As reported on The Chronicle of Higher Education's "Wired Campus" blog ("Academics, in New Move, Begin to Work With Wikipedia"), a "call to action" for participating in Wikipedia "was all over the Association for Psychological Science’s annual meeting" last week, as part of an initiative recently launched by the association (Signpost coverage: "US psychological society starts Wikipedia initiative"). A Wikipedia booth at the event was staffed by Sage Ross from the Foundation's Public Policy Initiative, User:Piotrus and Wikipedia researchers Rosta Farzan and Bob Kraut. Sage Ross described his impressions in a blog post ("Wikipedia and the psychologists"), detailing the numbers of psychologists recruited so far, noting the positive reaction of the associations board to a presentation about Wikipedia, and concluding "I’m optimistic that we’ll see a wave of additional professional societies getting behind Wikipedia".
In related news, Brenna Gray (who appears to edit as User:Brenna.gray) of the Department of English at Douglas College has been using Wikipedia in the classroom and summarized her experiences at the 2011 Congress of the Canadian Federation for the Humanities and Social Sciences (press release). She found that students produce better quality work when they are writing for Wikipedia than if writing their assignment for the teacher alone; in particular, they become much more worried about the factual accuracy of their work. The students in question were first-year English students instructed to write biographies on Canadian writers.
The story was picked up by several other Canadian news outlets, including the National Post ("Can Wikipedia improve students’ work?").

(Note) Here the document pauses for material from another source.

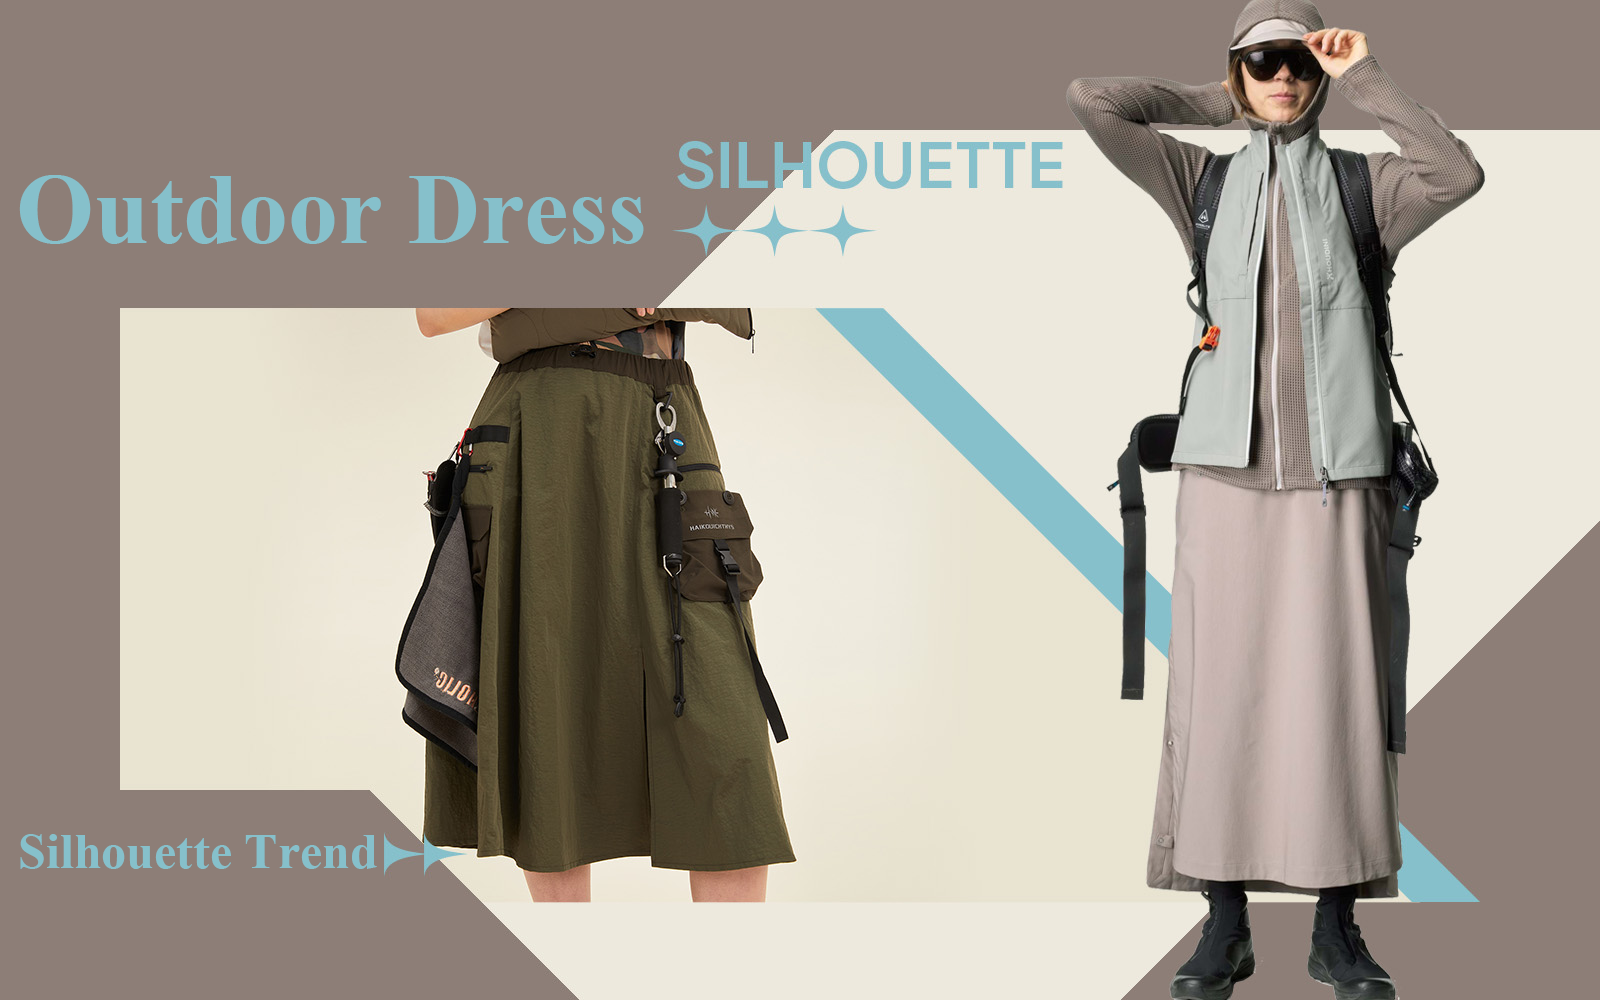 Chase the Mountain Wind -- The Silhouette Trend for Women's Outdoor Dress

The campaign to have Wikipedia listed as a World Heritage Site by UNESCO (cf. last week's "In the news": "New York Times and others on Wikipedia UNESCO bid", and earlier Signpost coverage listed there) continued to generate media coverage and online discussions last week, for example from The Atlantic ("Is Wikipedia a World Cultural Repository?") and on Firstpost.com ("Wikipedia’s bold bid for World Heritage status"). An article by Deutsche Welle quoted a German representative of UNESCO: "We sympathize with this desire and we take this as a starting point", while pointing out difficulties in reconciling the proposition with UNESCO's regulations. But he added that "this is only the beginning of a mutual discussion with Wikipedia".
Two promotional videos featuring Jimmy Wales advocating the idea were published last week on Vimeo [1] and YouTube [2] (they do not appear to have been uploaded to Wikimedia Commons, but are licensed under CC-BY-SA 3.0). The online petition surpassed 10,000 signatures on May 30; it will close on January 15, 2012.

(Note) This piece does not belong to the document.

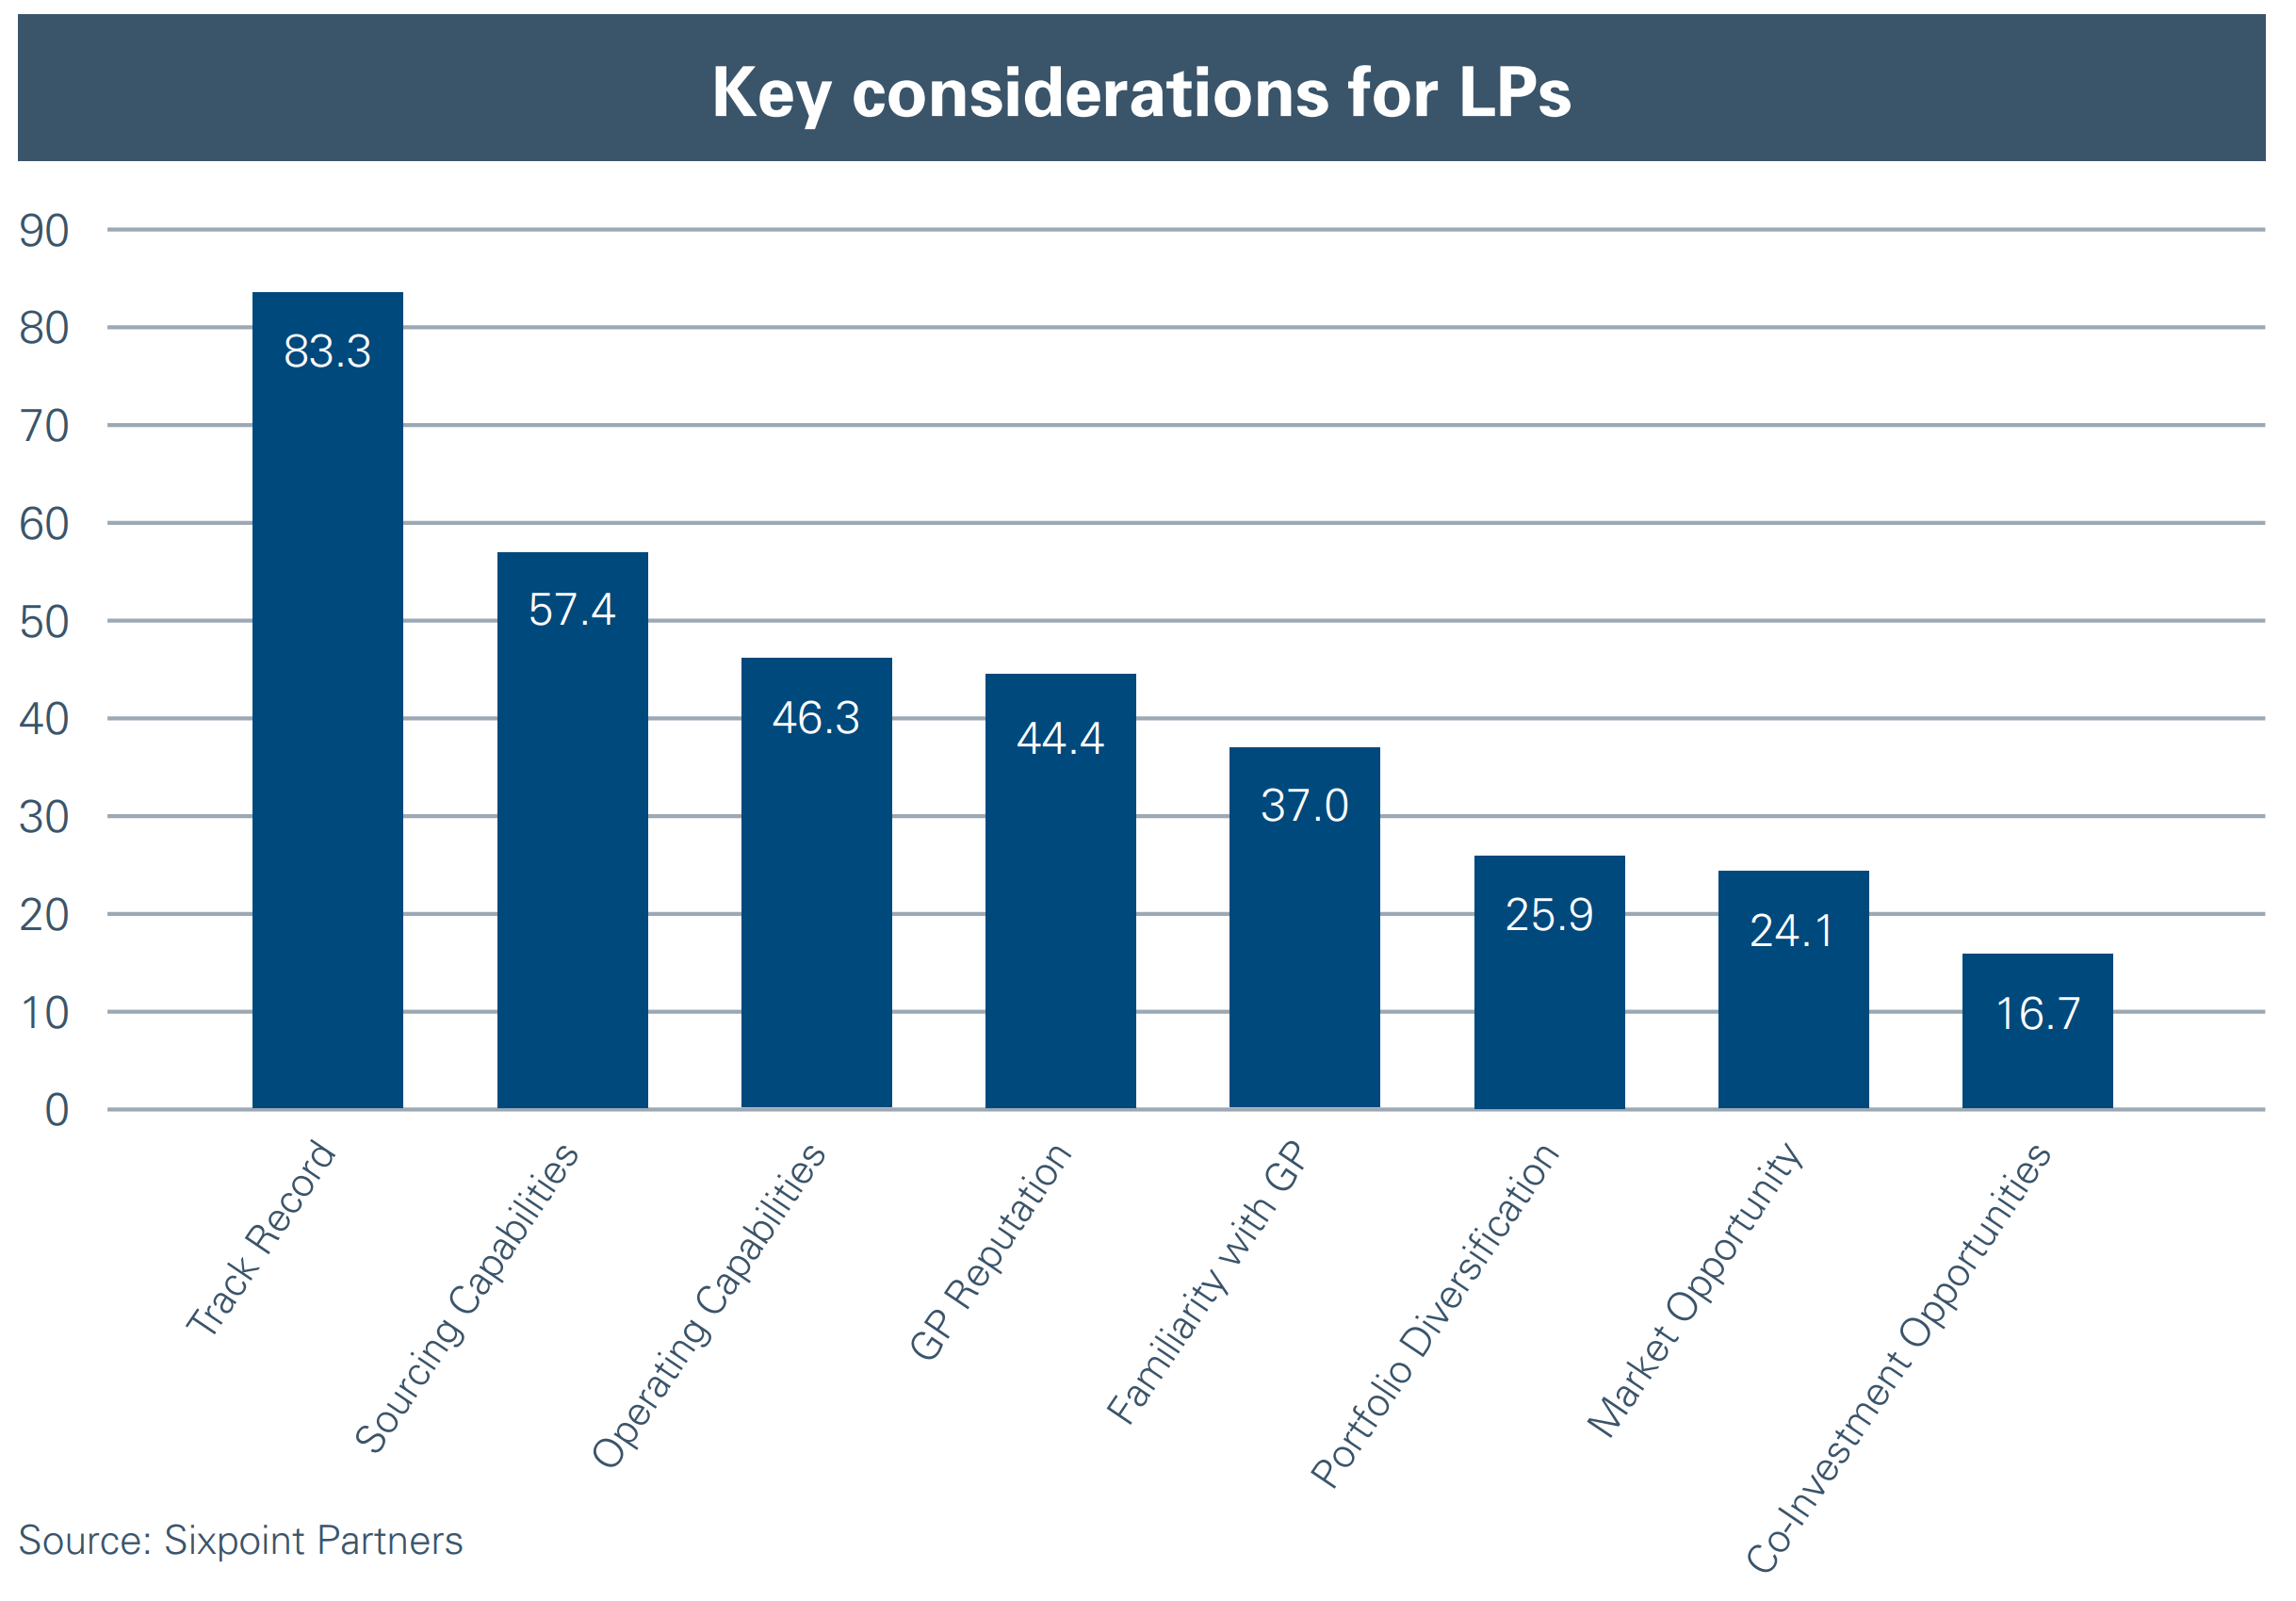 Key considerations for LPs

In unrelated news, Florence Devouard (User:Anthere, former Wikimedia chair) is currently participating in an expert meeting on languages at UNESCO, in her capacity as Wikimedia advisory board member.

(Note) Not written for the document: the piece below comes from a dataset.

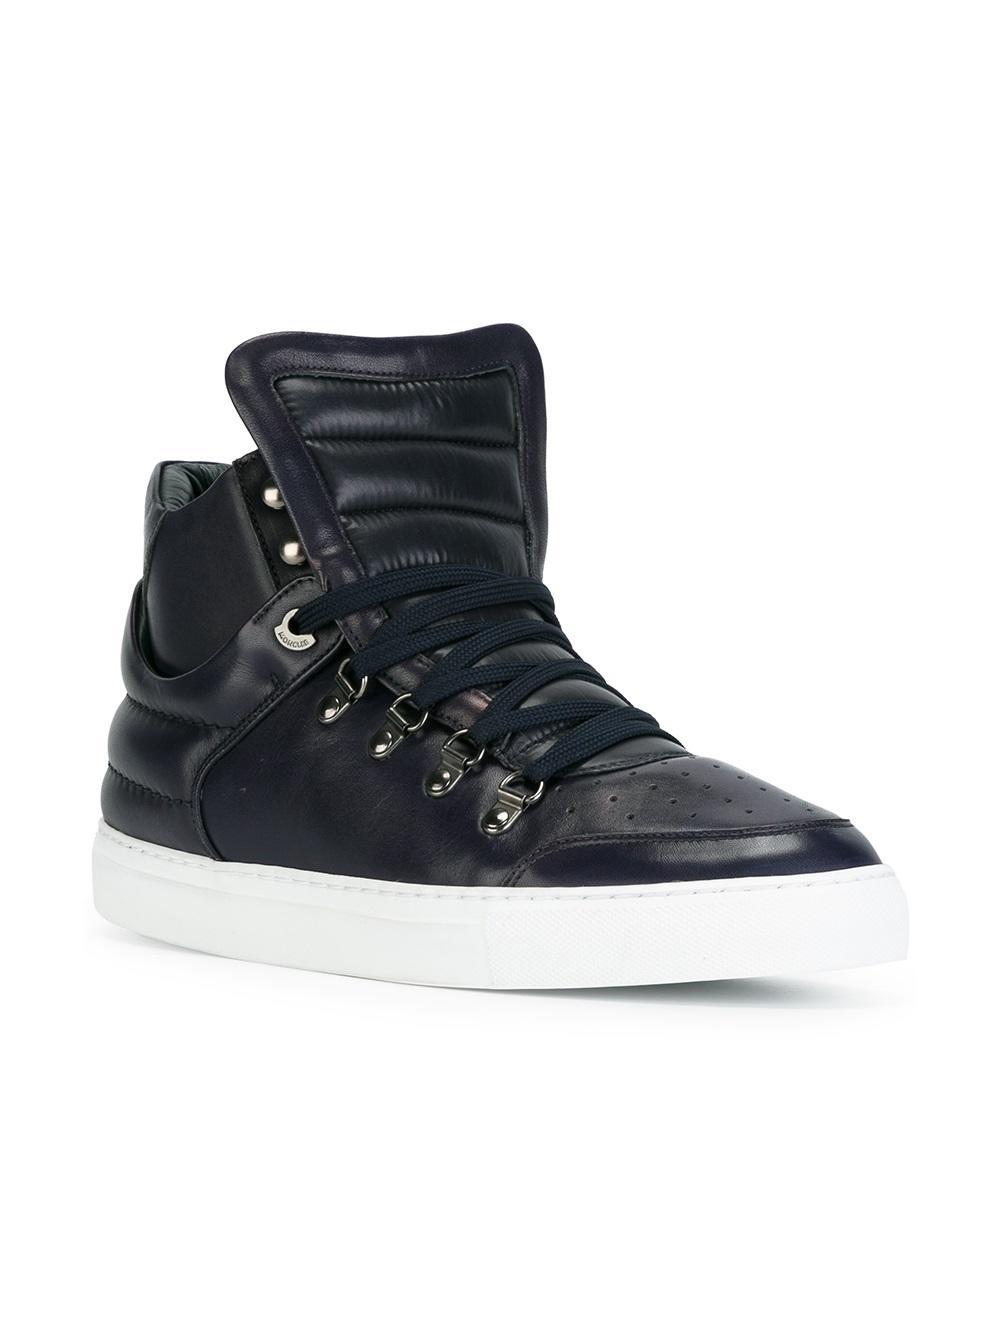 Lyst - Moncler 'jacques' Sneakers in Blue for Men

The May 25 episode of the webcomic xkcd described Wikipedia as an "Extended Mind": "When Wikipedia has a server outage, my apparent IQ drops by about 30 points" (on the previous day, Wikimedia wikis had undergone a scheduled downtime, see this week's "Technology Report"). The detailed drawing of the standard "Wikipedia has a problem" error message drew scrutiny on the Wikitech-l mailing list, where developer Domas Mituzas observed that the included server IP address (10.0.0.242) could not have actually appeared since it was that of an internal DNS server. Mituzas later quoted an explanation from xkcd creator Randall Munroe: "I drew it based on an older error message where the IP was 10.0.0.243. I changed it to 242 (a) because I try not to get too specific with those things, and didn't want people poking the actual machine at .243 (if it was still there) -- I actually considered putting .276 and seeing how many poeple noticed, but figured they'd just think I made a dumb mistake. and (b) as part of this ancient inside joke involving the number 242 ... ".
The tooltip comment to the comic rekindled interest in the observation that for most articles, if one clicks on the first wikilink in the article and keeps repeating the process, one will eventually pass by the entry about philosophy. (This had been described on Wikipedia since at least 2008, see Wikipedia:Get to Philosophy.) For example, Thenextweb.com invited its readers to "Try This Crazy Wikipedia Trick". On May 25, page view numbers for philosophy peaked at around 40 times their previous daily average. One xkcd reader programmed a tool displaying the chain for any given start article.
Jimmy Wales was one of the representatives from the global Internet industry who met with government leaders at the E-G8 Forum in Paris last week, to discuss the Internet in the context of global public policy. Much of the discussions at the event concerned stricter regulation of the Internet by governments (an approach championed by the host, French president Nicolas Sarkozy). In particular, the recent UK superinjunctions against the publication of allegations about the private life of some celebrities were debated in Paris, where Jimmy Wales added to his previous criticism (Signpost coverage), going so far as to compare it to the Internet censorship in the People's Republic of China: "I do view it to being similar to the Chinese situation where they also cover up misdeeds of high ranking people" (BBC), and warned that the US would not weaken its strong free speech protections to compromise with other countries.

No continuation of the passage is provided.